I've never been super attached to a pet. I love animals and I had pets growing up. I used to prefer cats, probably because they weren't as needy. Then, I married my husband and was introduced to a whole new world of what it meant to have pets/furry family members. I still didn't get it right away. The first time I met Brandon's parents and went to their house, their enormous German Shepherd, Major, tried to attack me by lunging at me and ripping my shirt with his teeth.
Over the years, it must have grown on me…this idea of having pets and getting attached to them. My mother and father-in-law rescued this beautiful all black German Shepherd, who had been abused in ways we probably can't even imagine. She has never fully recovered. She came to live with us a couple of years ago, and I was determine to help her get better. Maybe it was the counselor in me.
Heidi never wanted to leave her kennel much, she wanted nothing to do with us or anyone that came to our house. She was terrified and it was so difficult to watch her have no energy, no peace, and no motivation to do anything. Last Spring, I went through a time when I wasn't very motivated and didn't have a lot of energy, but I knew I needed to get healthier. So, I started walking in the early hours of the morning. Heidi didn't want to do much, but she LOVED to go for walks. It was still dark out, and I carried my pepper spray at my dad's request, but I felt safe with this large, black, fierce-looking dog by my side. (Nobody else knew that she would cower away from them before she would attack them.) She was always lean, but still beautiful. When I walked her during daylight, someone would ALWAYS comment on what a pretty dog she was, whether they were in their yard or driving in the car and had to roll their window down to say it.
I didn't realize it until a couple of days ago, but I had developed a special bond with Heidi. She began to trust me. She would come to the living room and lay in the floor when I was in there (This is a BIG deal for her.) She would lick my hand and come to the dinner table and beg for food. She began to trust the kids more, too. Calvin helped feed her, Luke still stressed her out a little, and Mollie was her favorite. Mollie would lean down and just hug Heidi and Heidi would lick her face and make her giggle. There was this understanding between two beings who didn't have the ability to communicate with words…they knew they were safe in each other's presence.
Heidi has had all sorts of health problems over the years and they would get better and then bad again. A couple of days ago, I noticed that she was thinner than ever and not able to move easily. She wasn't eating and had withdrawn again. It got bad fast, and when we went to bed last night, we weren't sure if she'd be here this morning.
I've sat with her and talked to her, gently petting her and trying to bring any comfort I can. I've cried for her and the difficult life she's had that was not her fault. Now, I'm accepting that her journey is coming to an end very soon.
I can't help but to think about her abuse and her brokenness that affected her whole life and the fact that I couldn't take that pain away from her or ease it more. It causes me to consider the broken people that I talk to all the time, many of their stories similar to Heidi's. When I'm really honest, I can admit that I'm broken, too. I've been hurt, discarded and treated badly. The truth is we are all broken, because our world is broken and filled with sin and pain. So, what can we do about it? Sometimes, it seems like we can't do anything.

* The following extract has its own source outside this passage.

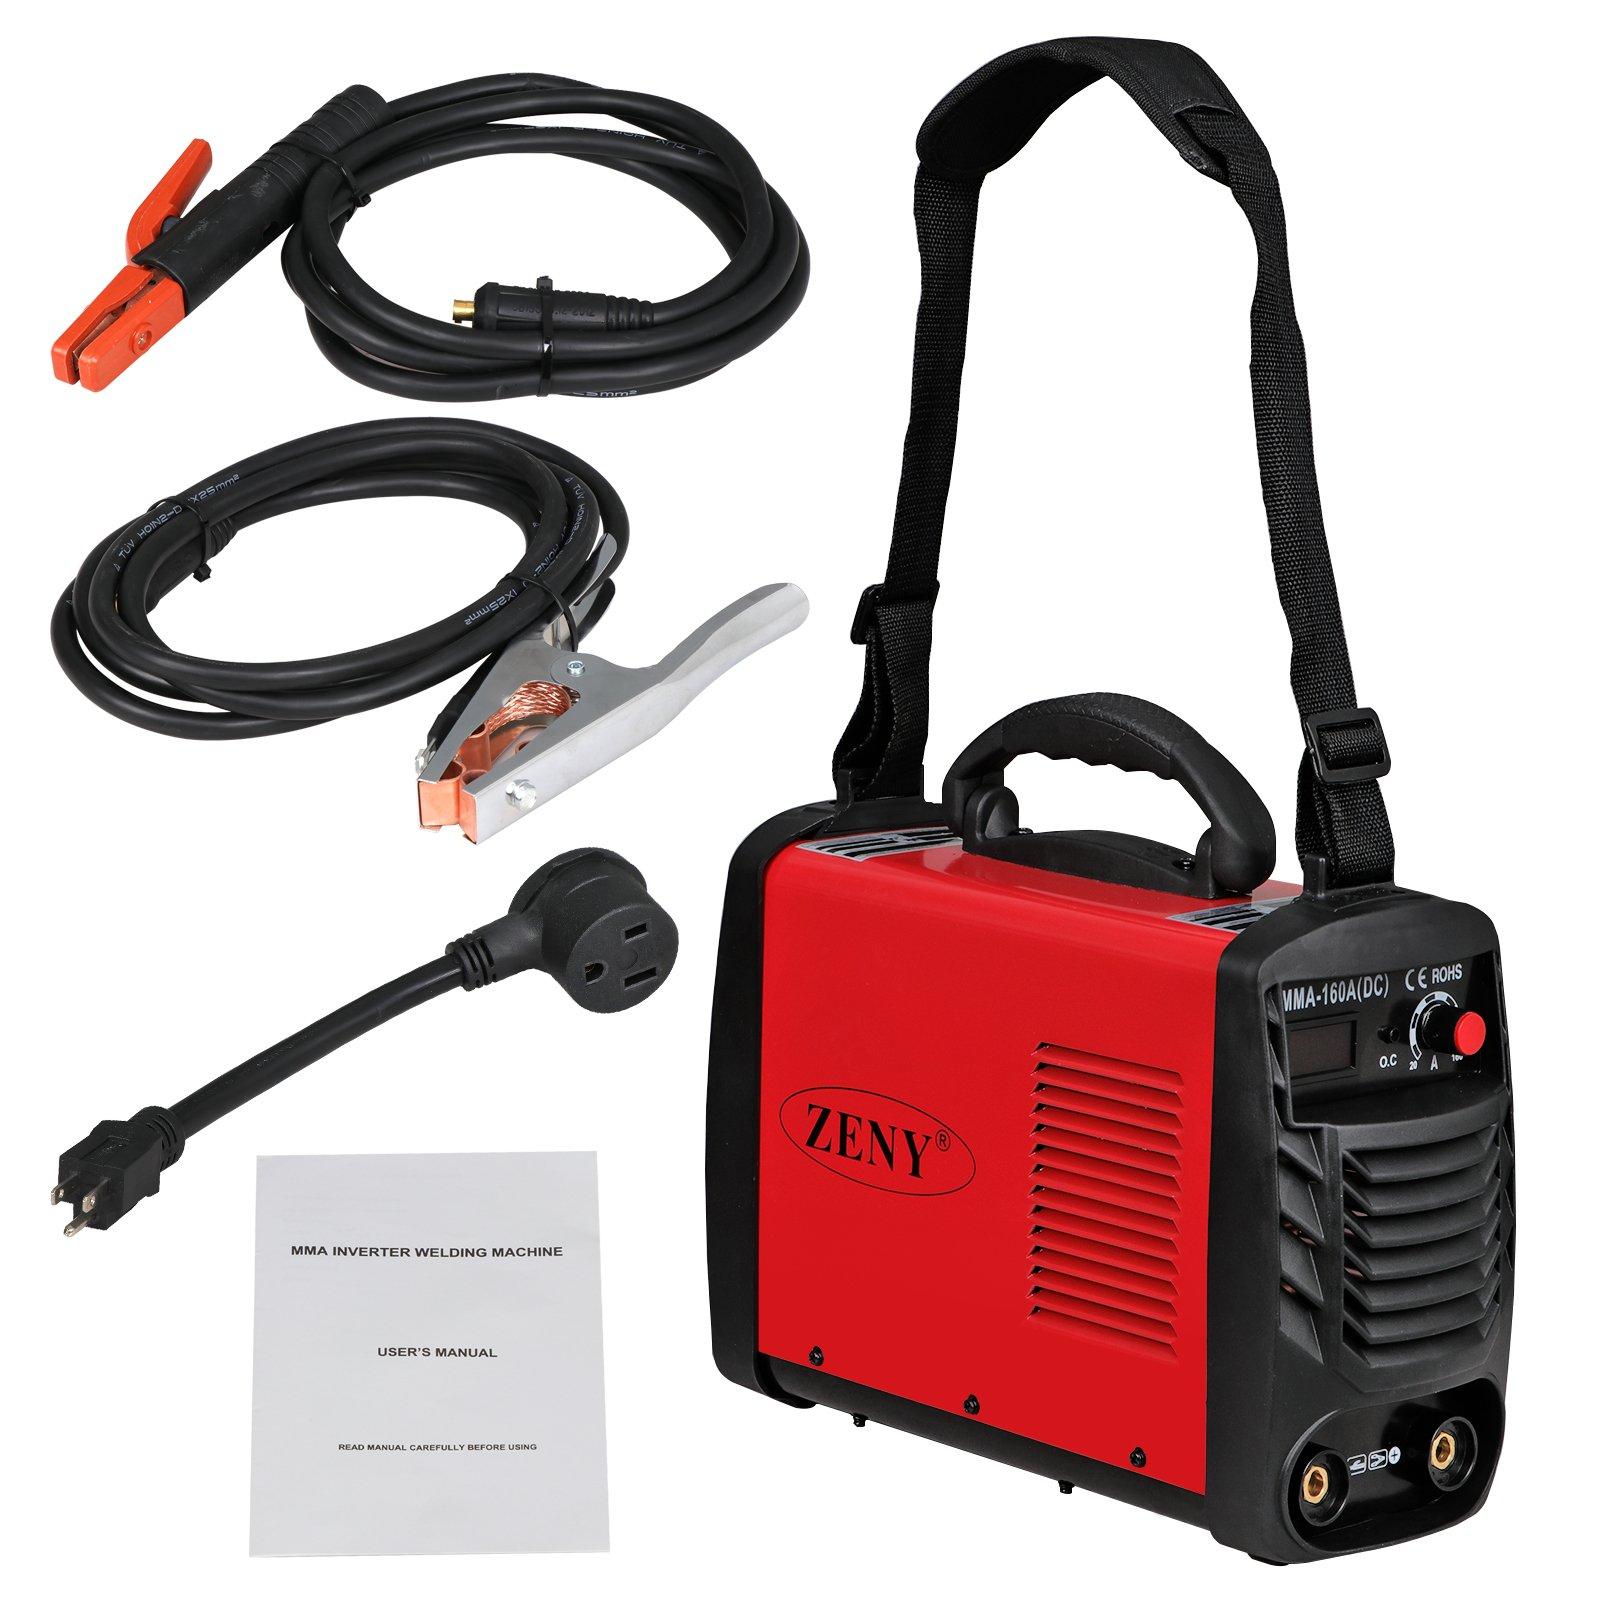 ZENY Arc Welding Machine DC Inverter Handheld Welder MMA 20-160A IGBT 110V/230V Dual Voltage IGBT Stick by ZENY (Image #3)

There is one person who Heidi loved and trusted more than anyone…my father-in-law. There was not one single time that Heidi did not jump up and run to greet him with barks and energy and excitement, until yesterday. He came in and she couldn't even lift her head. This grown man, in his suit, got down on his hands and knees, reached into the back of the kennel and pet Heidi, gently and softly talking to her. It was one of the most beautiful and loving things I've ever seen.
This is what we do about the brokenness all around us and within us. We look for opportunities to enter into someone's brokenness with them. We offer comfort and let them cry or listen to their story. We pray with them and for them. We ask for wisdom when we don't know what to do or how to help. We commit to loving people with our whole hearts, even if it makes us vulnerable to experiencing pain.
When I doubt my abilities to help others (the definition of my calling) through counseling, this is what I want to remember. GOD will provide, HE will equip, HE will sustain, HE will heal. His healing may not always look the way I think it should, but HE is the only one who can make someone who is broken whole.